* [Exercise data]:
☆ ☆ ☆ ☆
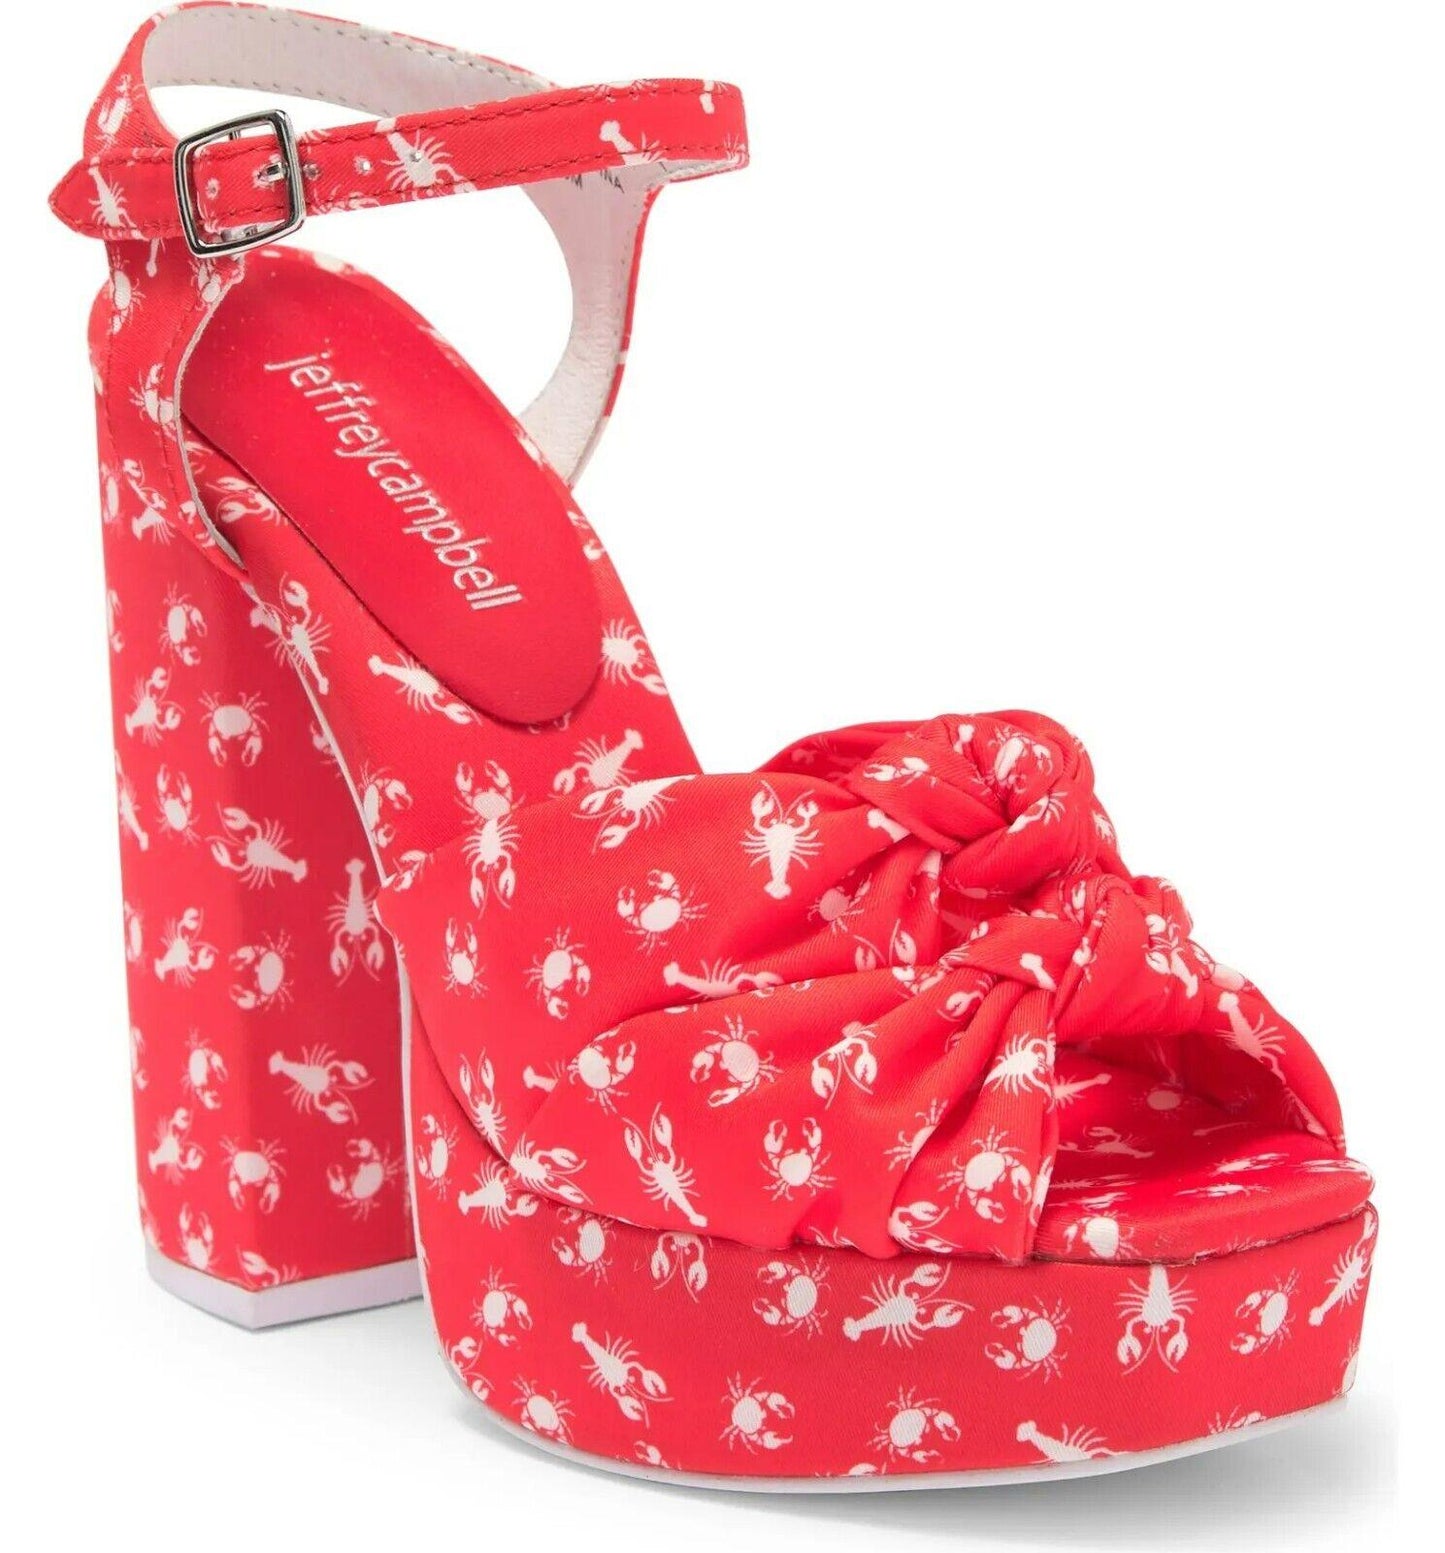 Jeffrey Campbell  Red Platform Sandal Lobsters and Crabs Print Knotted Straps Size US 8 - SVNYFancy
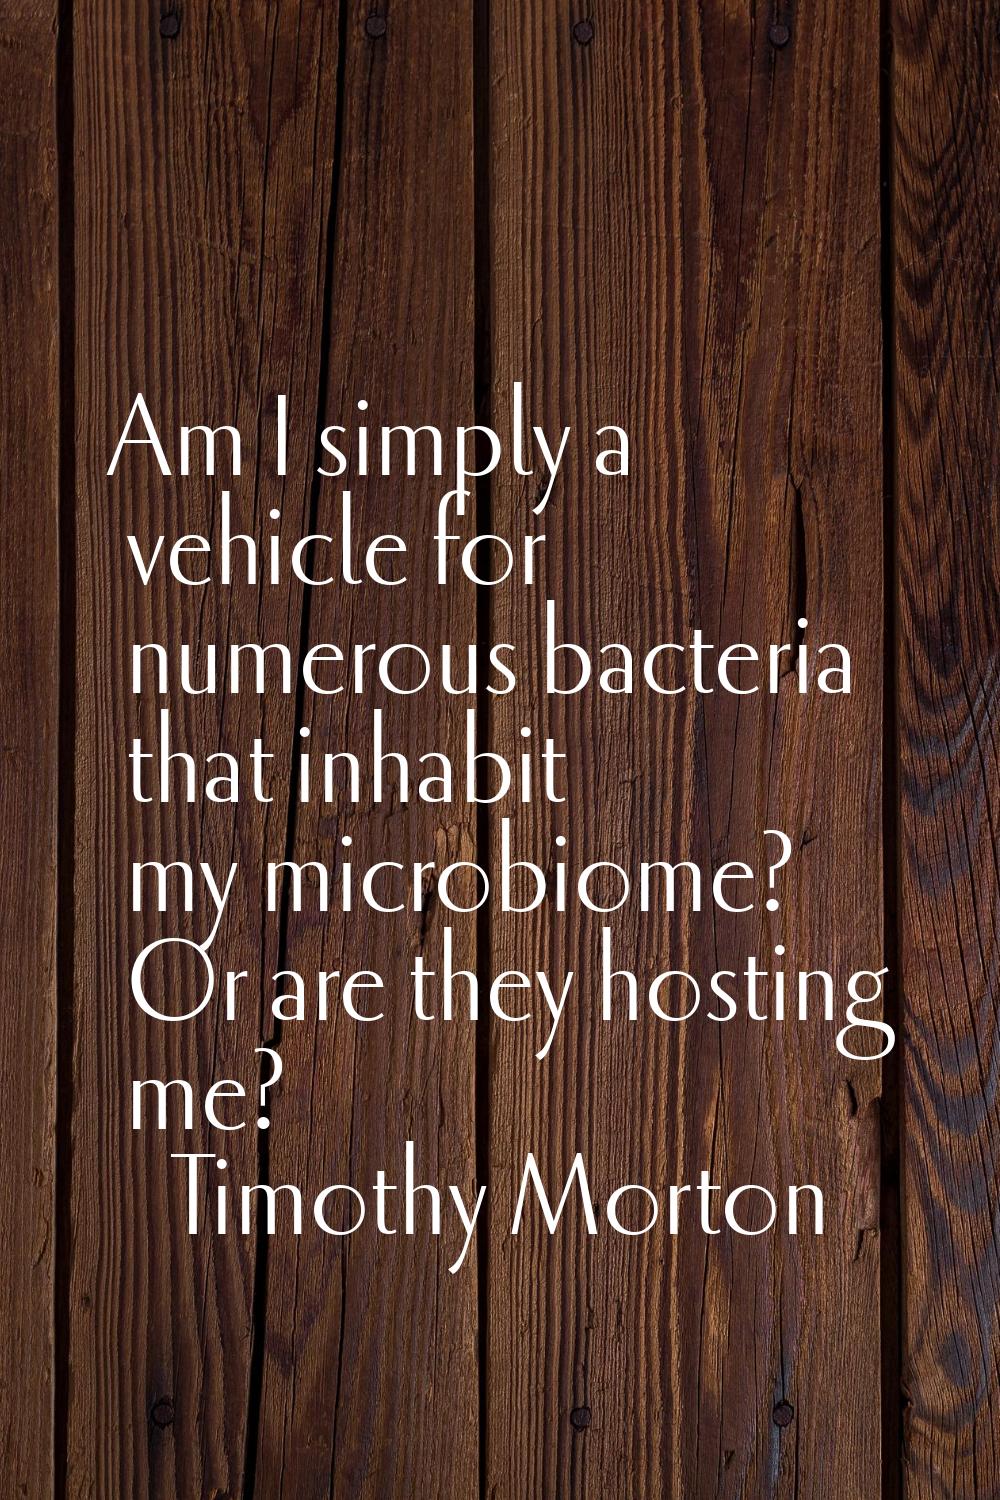 Am I simply a vehicle for numerous bacteria that inhabit my microbiome? Or are they hosting me?
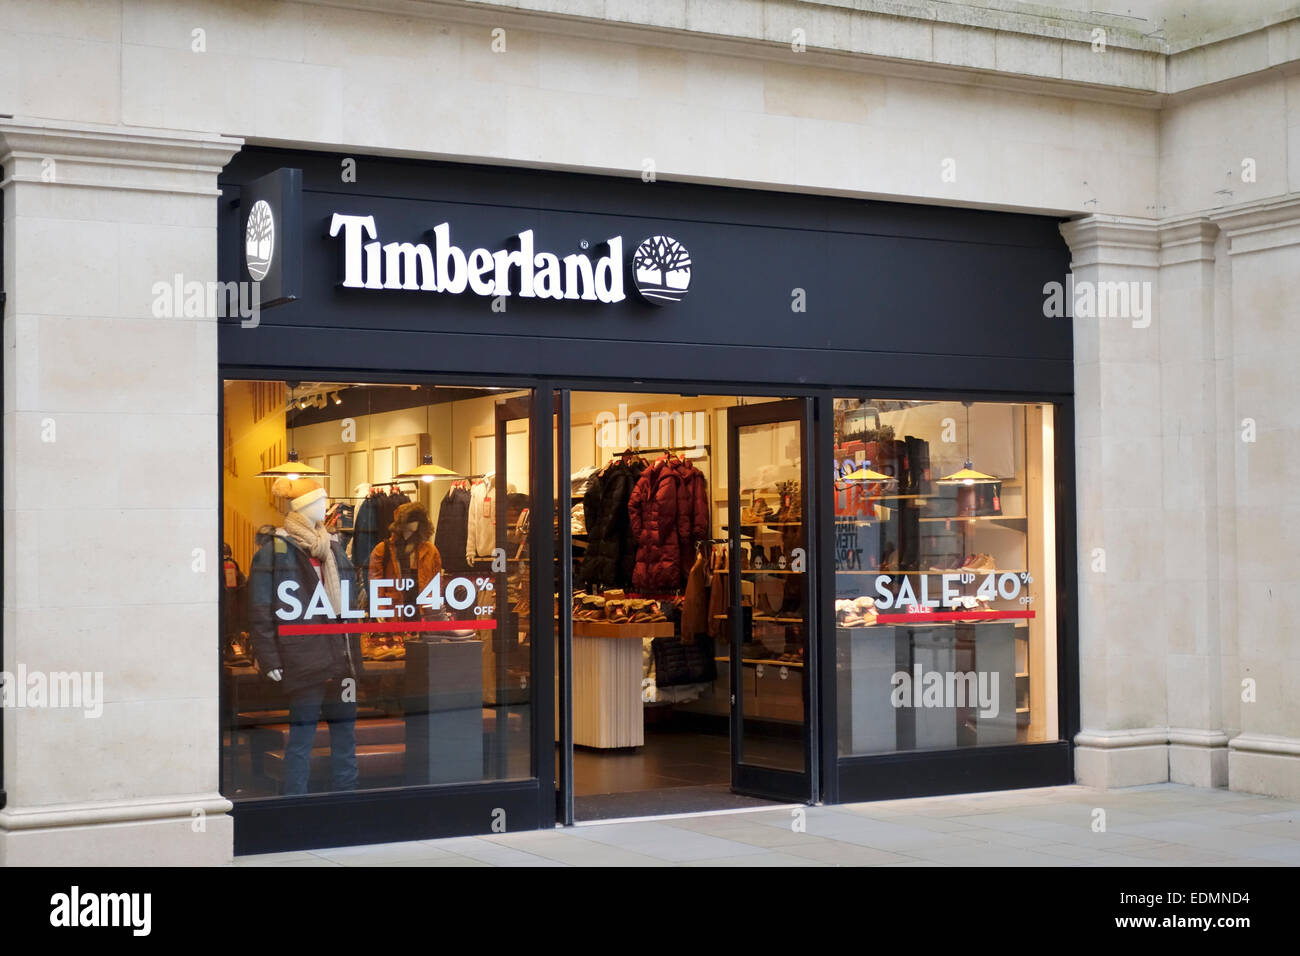 Timberland Store In Woodbury Common Premium Outlet Mall Stock Photo -  Download Image Now - iStock
☆ ☆ ☆ ☆
Only the lines from the one with "Am I simply" through the last line above belong in the answer. Reproduce them exactly, without the pictures.

* [Response box]:
 Am I simply a vehicle for numerous bacteria that inhabit my microbiome? Or are they hosting me?
 Timberland Store In Woodbury Common Premium Outlet Mall Stock Photo -  Download Image Now - iStock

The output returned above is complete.